Assigned task: Retype the listing exactly, minus its pictures.

Supplied data:
:::::

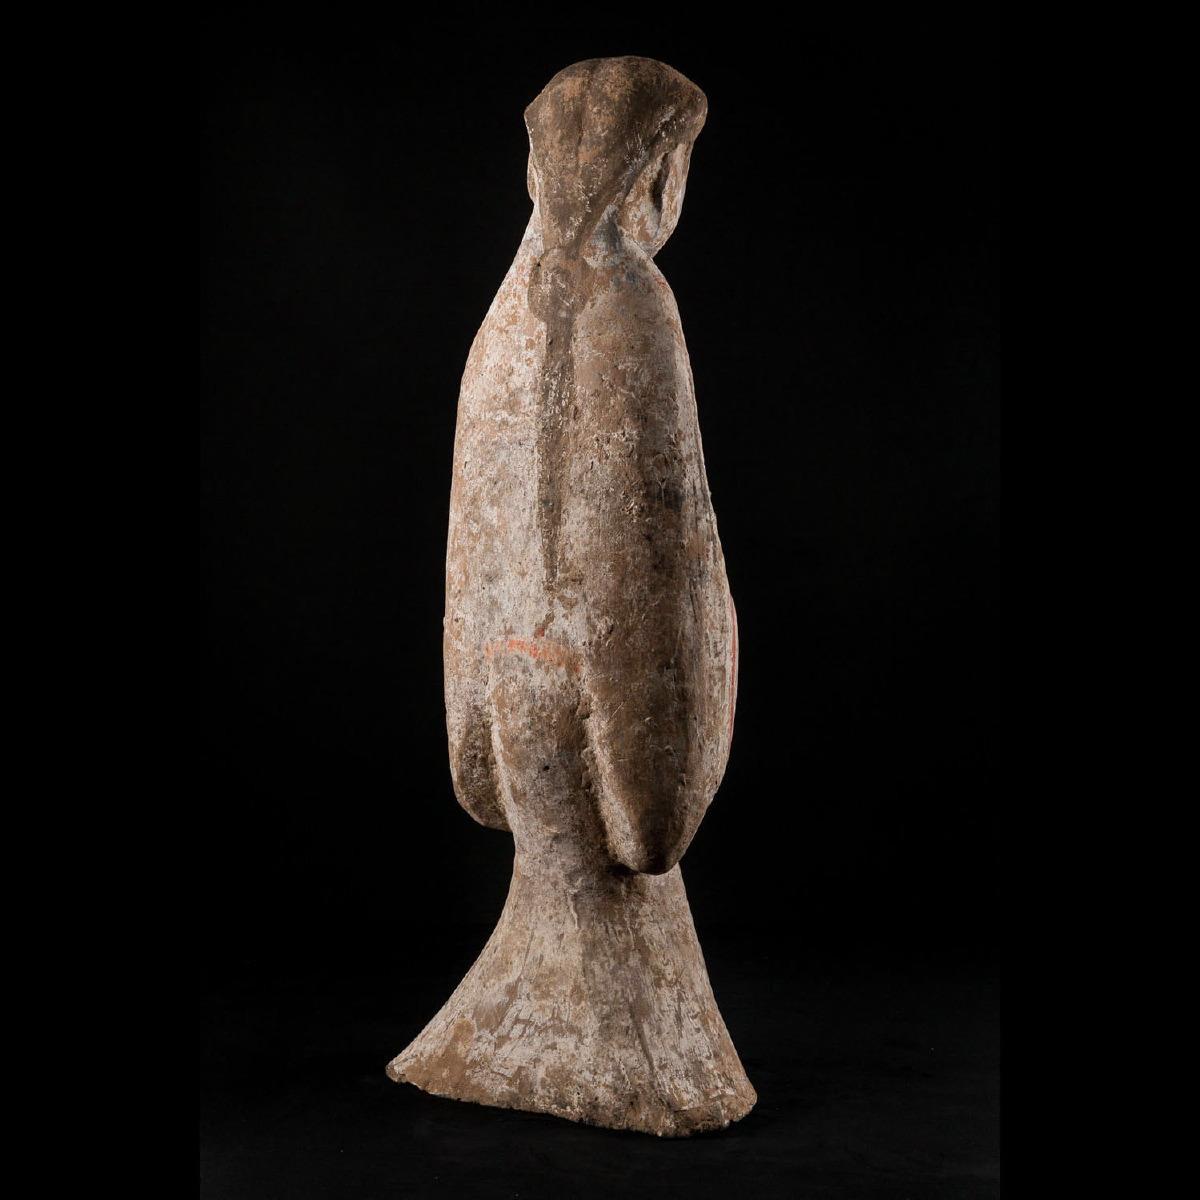 Photo of servant-china-han-dynasty-ceramic-terracotta-thermoluminescent-test
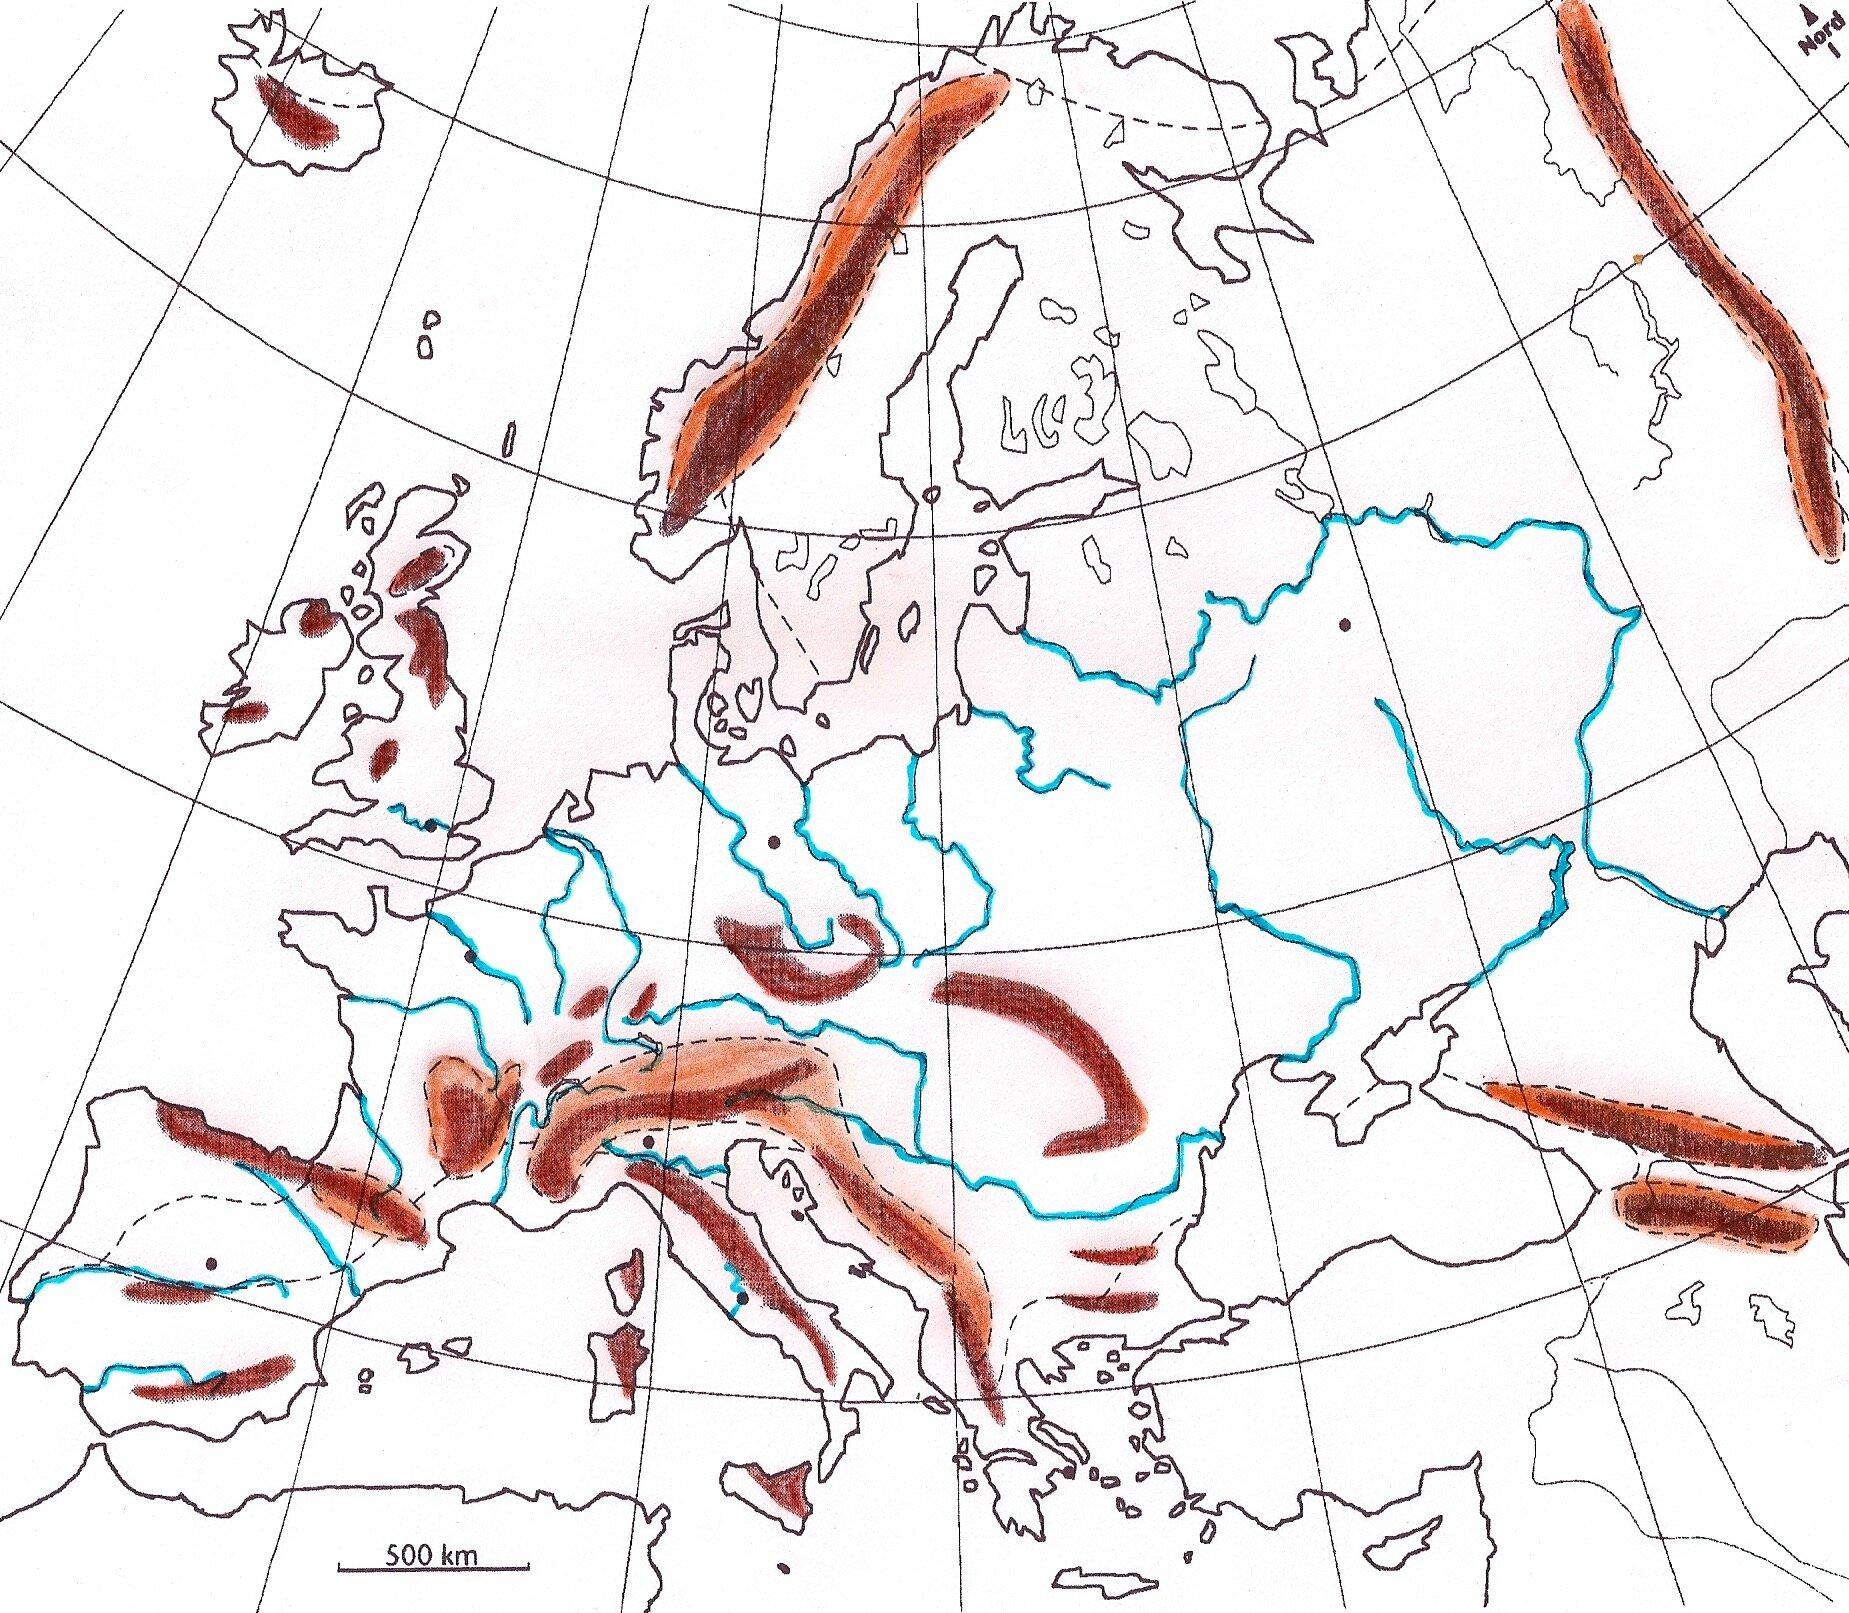 carte europe fleuves principaux
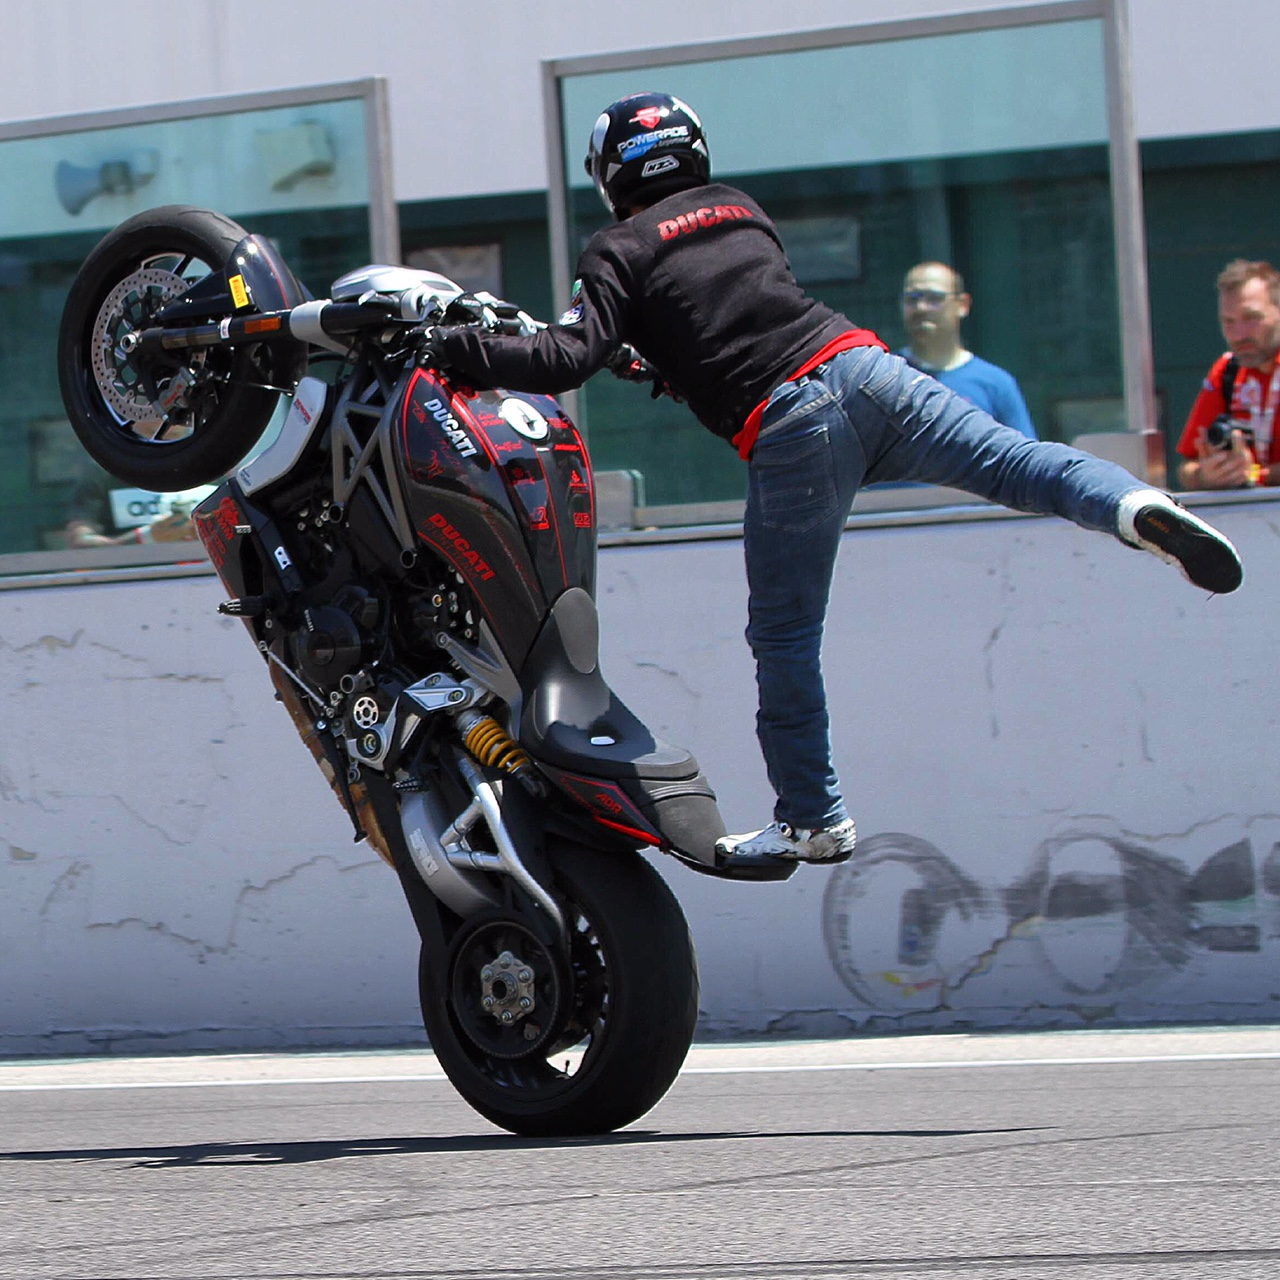 world_ducati_week_2016_wdw_stunt_team_moto_show_motor_exhibicion_espectaculo_ducatistas_doc_misano_italy_italia_rimini_wheelie_stoppie_burnout_panigale_diavel_monster_freestyle_4

:::::

Written answer:
 Photo of servant-china-han-dynasty-ceramic-terracotta-thermoluminescent-test
 carte europe fleuves principaux
 world_ducati_week_2016_wdw_stunt_team_moto_show_motor_exhibicion_espectaculo_ducatistas_doc_misano_italy_italia_rimini_wheelie_stoppie_burnout_panigale_diavel_monster_freestyle_4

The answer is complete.